XIX. And although I should be desirous to leave these, and was prepared most willingly to go into Brittany to see my country and my parents: and not that only, but when there to visit my Galacian brethren, and that I might see the faces of the saints of my Lord, which, if God pleases I exceedingly desire; but I {223} am bound by the spirit who protests against me, that if I should do this, I would be marked in future as an accursed one.  And I fear that I should lose the labor which I have begun, and not only I, but Christ the Lord, who commanded me; that if I went, I should be with them the residue of my life.  If the Lord will, and should keep me from every evil way, so that I do not sin before him: I believe I was bound to do this.  But I do not confide in myself as long as I am in this body; because there is a power, which strains itself every day to turn me away from the faith of Christ my Lord, and from my designed chastity until the end of my life.  The flesh is inimical and always draws to death, that is, to the accomplishment of illicit allurements.  I know in part why I do not lead a perfect life, and also of others who are believers.  But I confess to my Lord, and I am not ashamed in his sight, because I lie not; from the time I knew him, from my youth, the love of the God, and his fear, have increased in me, until now, by the help of God I have kept the faith.

XX. He[16] may return and behave insolently if he will: I will not however be silent, nor hide the signal and marvelous things which the Lord has done through my ministry during these many years: he knows all these things, because they have taken place during the present age.  Therefore I ought without ceasing give thanks unto God who has so often bore with me, for my want of wisdom.  It was not in any one place that he was so angry with me, because I did not quickly acquiesce in the help that had been offered to me, according to that which he had shown me.  But so the spirit suggested, and the Lord pitied me in thousands of instances, for he saw in me, that I was ready, but that in my situation I did not know what {224} I should do, for in this case they very wrongfully kept back my message, and behind my back, among themselves they told over and said: The reason is, he placed himself in danger among strangers who knew not God.  Now this was not a case of maliciousness, but it was that which did not seem wise to them; so I myself being a witness, understood that it was on account of my rusticity.  I did not at once recognize the grace that was in me: now it seems wise to me that I did that which I was bound to do.

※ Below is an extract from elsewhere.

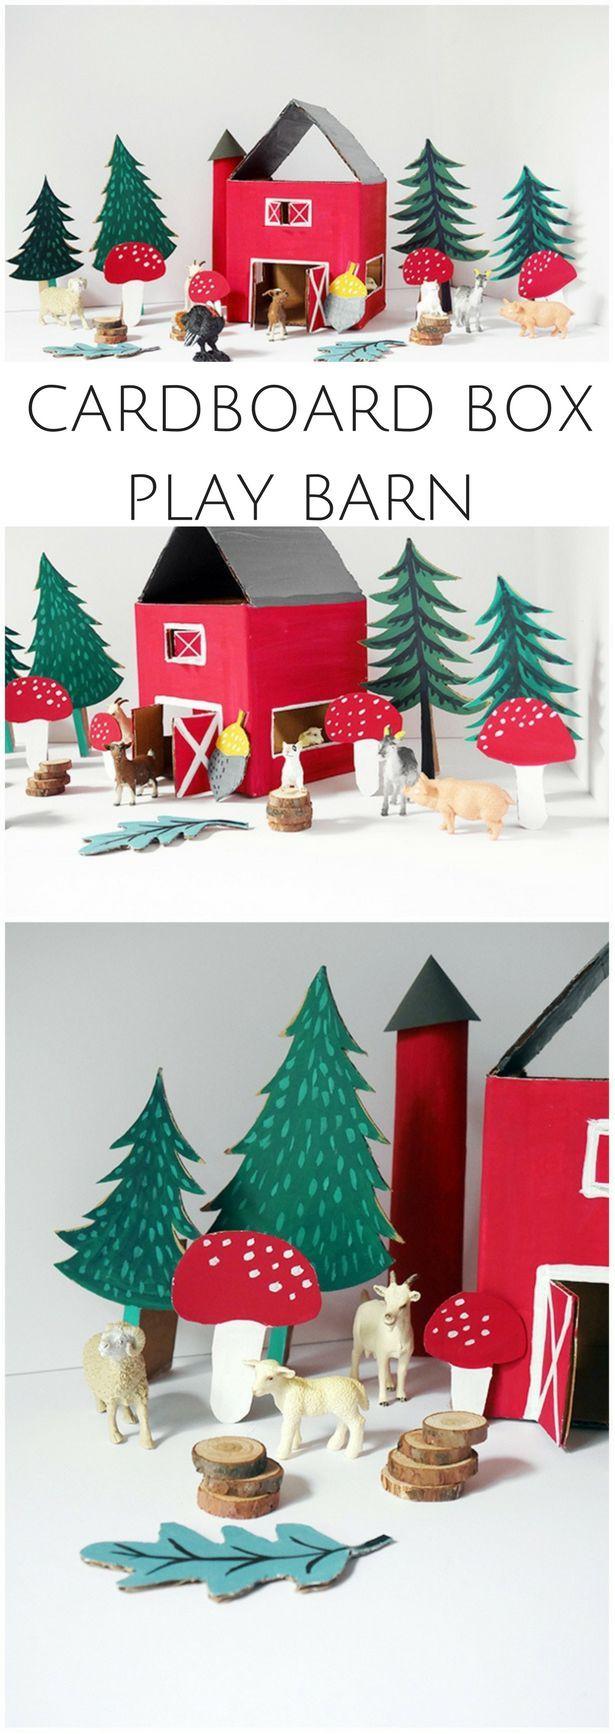 DIY Recycled Cardboard Box Play Barn Create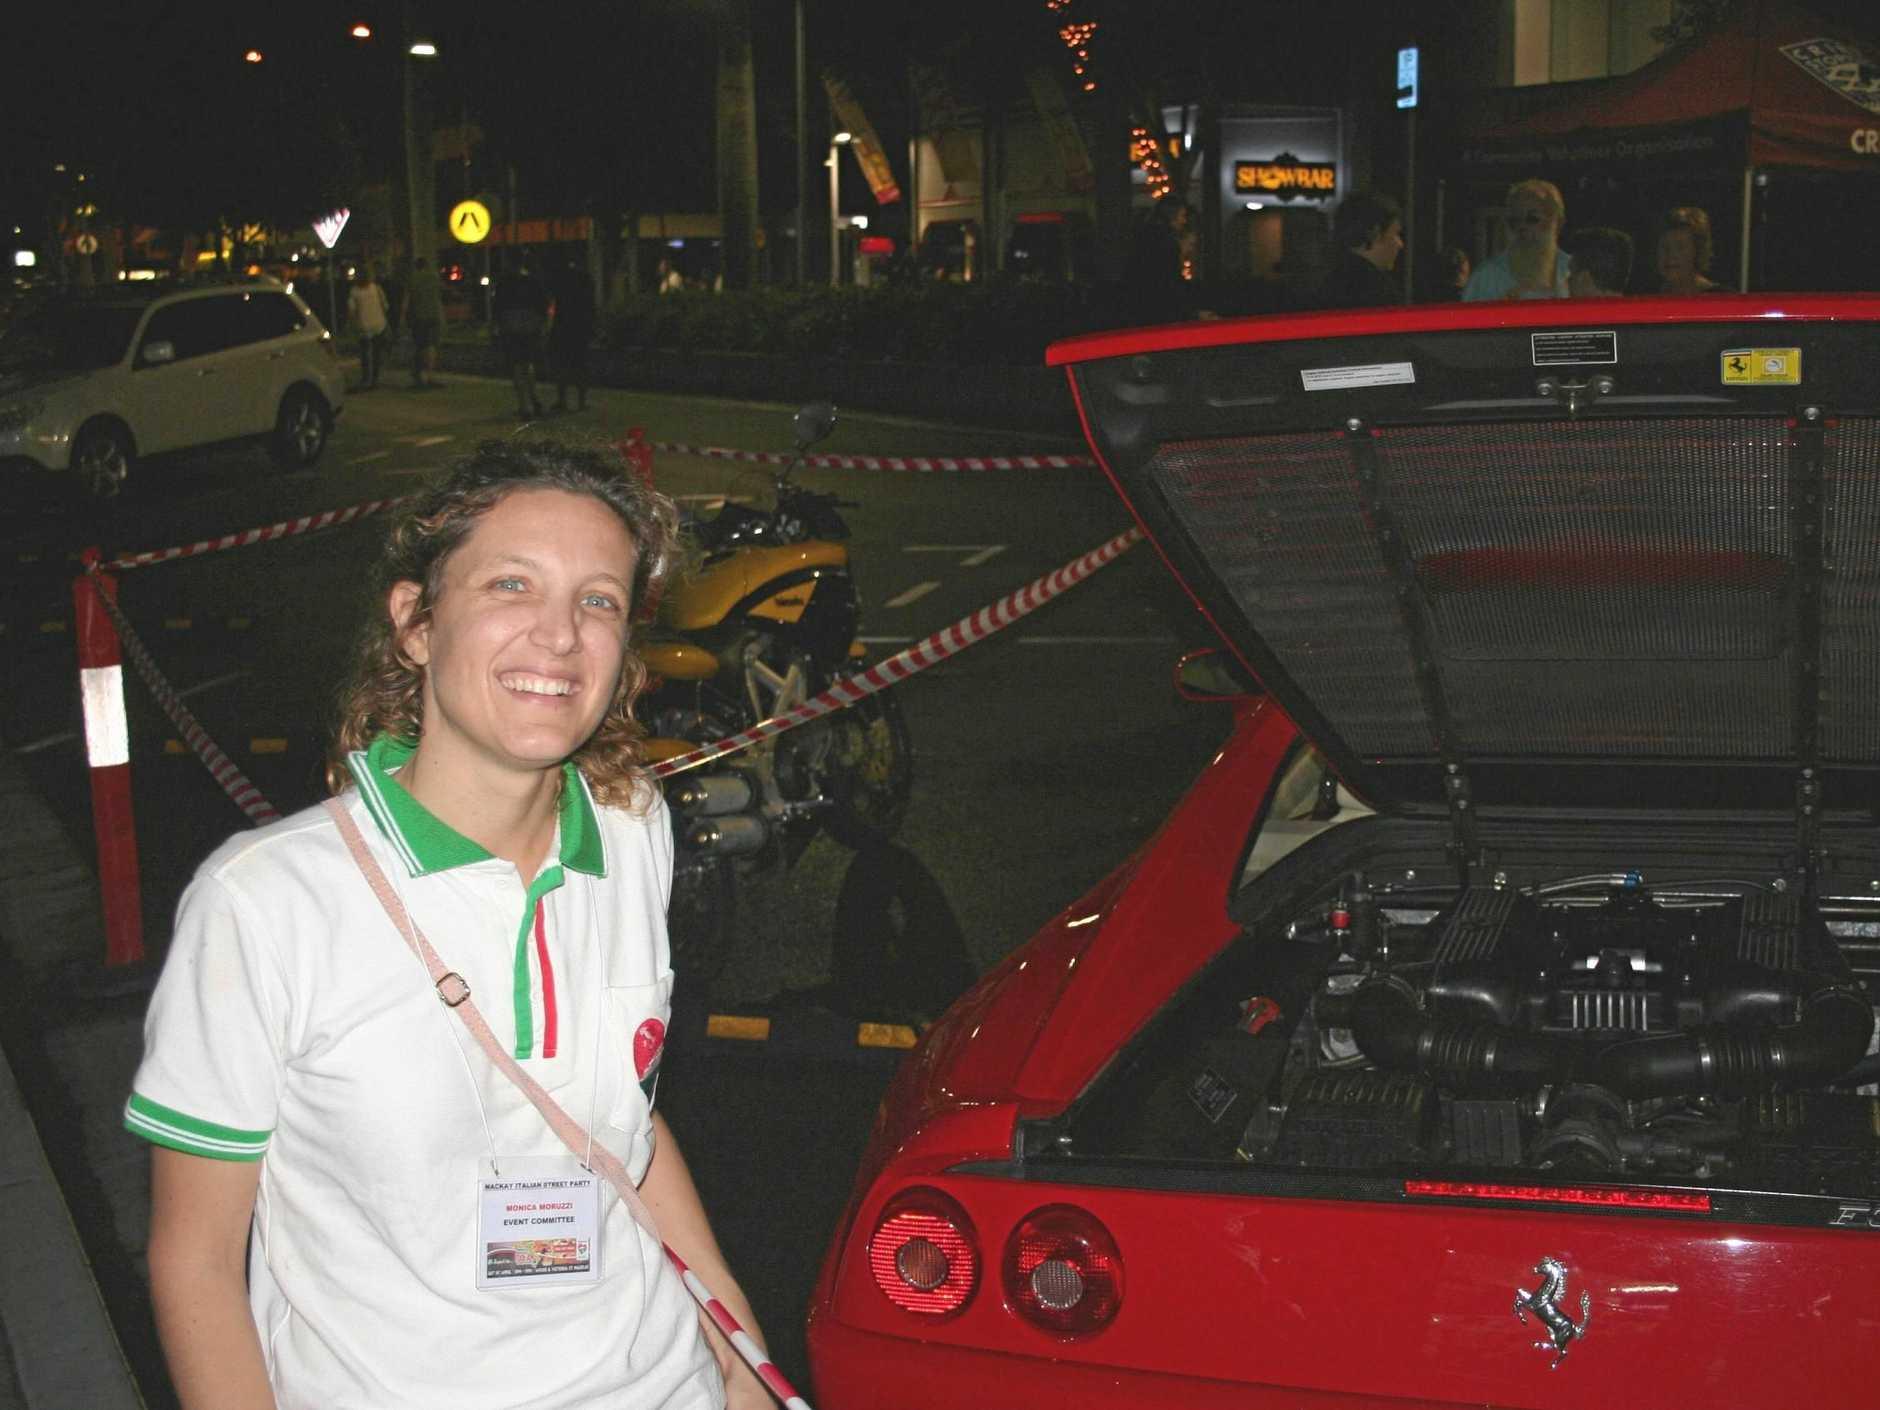 MKY150418 Monica Moruzzi from the Mackay and Districts Italian Association posing next to a Ferrari F355 Berlinetta at the Mackay Italian Street Party on April 14 2018

XXI. I have not ingratiated myself to my brethren or companions in regard to what they may believe of me; except that what I have said, I will say again, for the strengthening and confirmation of your faith.  I wish you to imitate a greater and a mightier pattern; but this will be my glory, that a wise son is the glory of the father, [Prov. 11.1; 15.20.]  You know and God knows, what kind of behavior I have had with you from my youth, in the belief of the truth and in the sincerity of my heart.  Moreover in every nation among whom I have lived, I have made known my faith to them and will make it known.  God knows that I have defrauded none of them; I think and plan for God and his church; nor have I stirred up any one against them through all our persecutions, lest, through me, the name of the Lord might be blasphemed, for it is written: Woe to that man through whom the name of the Lord is blasphemed. [Lev. 24.16; Rom. 2.24.]  Although I am inexperienced in many things, yet I try so that in some way I may be serviceable to my Christian brethren, to the virgins of Christ and to the holy women who have willingly given me small gifts, and often have laid some of their ornaments on altar.  But I have returned them; they might have brought a reproach against me.  Why did I do this?  I did this, in the {225} hope that by constantly doing it, I might thus cautiously keep myself from every suspicion, so that the unbelievers should not catch me in any pretext, or that the administration of my service might not give any place to the unbelievers for evil insinuations or detraction. [2 Cor. 11.12.]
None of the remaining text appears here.